Selon les organisateurs de la marche, la procédure normale en pareille circonstance avait été respectée dans la mesure où ils avaient informé l’autorité urbaine qui ne devait que prendre acte et  mettre en branle des mesures d’encadrement de la marche. Mais le matin de ce 13 décembre, le maire de la ville diffusa plutôt un communiqué « interdisant toute manifestation de nature à troubler l’ordre public. » Les partisans des deux partis politiques décidèrent tout de même d’organiser leur marche pacifique, qui n’alla pas bien loin. Arrivés au Rond Point Signers, ils sont accueillis par une salve de bombes lacrymogènes et contraints de s’égailler à travers les rues rocailleuses de la ville. Certains d’entre eux, dont Monsieur Rubes Mikindo Muhima, président fédéral de l’UDPS et candidat député national sur la liste de ce parti politique en ville de Goma, sont arrêtés, et vite déférés devant un Juge du Parquet de Goma le même jour avant d’être transférés à la Prison centrale de Munzenze.
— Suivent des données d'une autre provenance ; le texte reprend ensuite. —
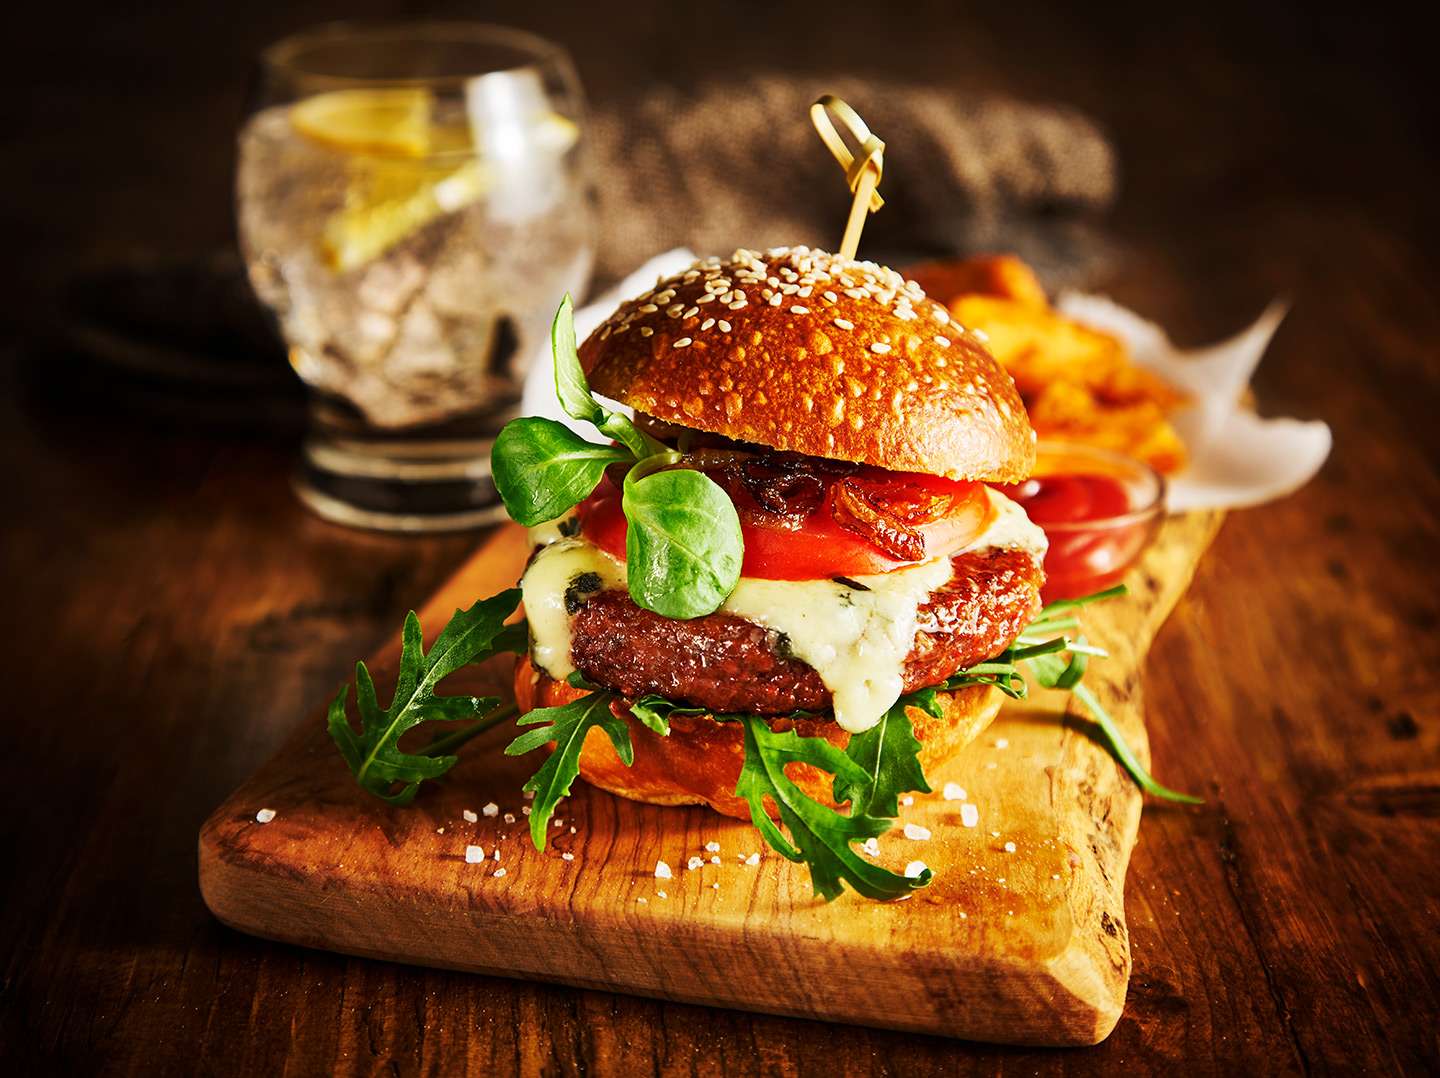 Gourmet Vegan burger by Food photography by Food Photographer London Michael Michaels
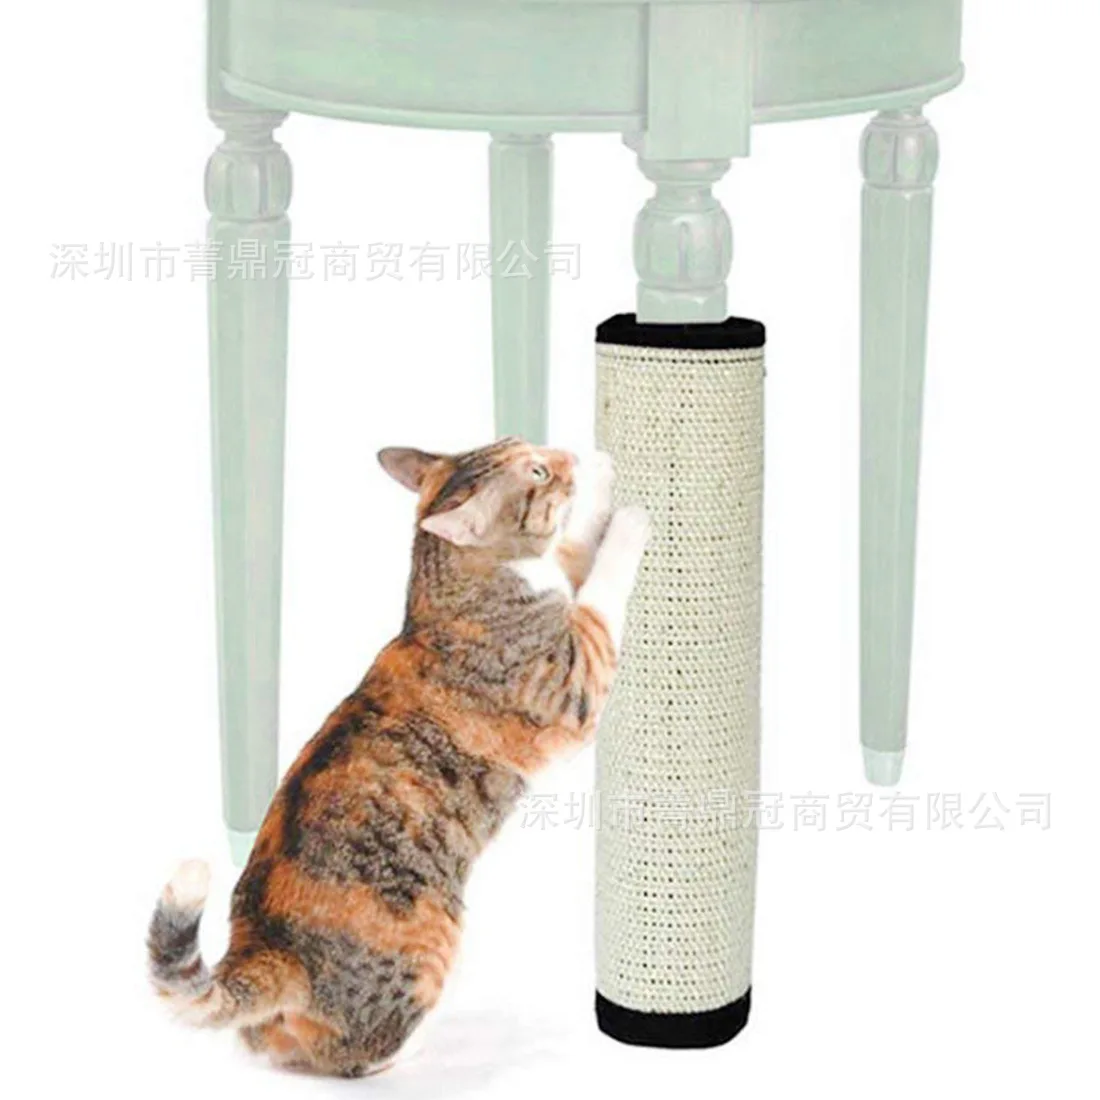 

Cat Scratch Board Toy Sisal Hemp Cat Kitten Scratching Post Pad For Cats Protecting Furniture Grind Claws Cat Scratcher Toy Mat

Le lendemain, ils sont jugés en procédure de flagrance dans l’enceinte de cette prison pour, entre autres infractions, l’atteinte à la sûreté intérieure de l’Etat ! La suite de l’audience publique de ce procès a été reportée au vendredi 16 décembre 2011 ; les prisonniers, eux, ont été placés en détention préventive.

Sous le défunt régime de Mobutu, cette infraction était punie de la peine capitale, et je ne pense pas que la législation ait changé depuis. Nous espérons que les juges de Goma sauront raison garder pour ne pas envoyer à l’échafaud des citoyens qui n’ont fait qu’essayer, sans succès d’ailleurs, d’exprimer leur point de vue. Entre-temps, lors de l’audience du mardi 13 décembre, Monsieur Mirindi, 28 ans, partisan de l’UDPS qui y assistait, s’est écroulé avant de rendre l’âme au Centre pour Handicapés tout proche. Encore une victime –collatérale- d’un processus électoral qui commence à avoir un goût amer pour des  Congolais qui, après avoir consciencieusement accompli leur devoir civique, se voient pris en otage par une élite politique dont les intérêts sont à des années-lumière de ceux  de ce peuple dont elle parle au quotidien avec tant de verve.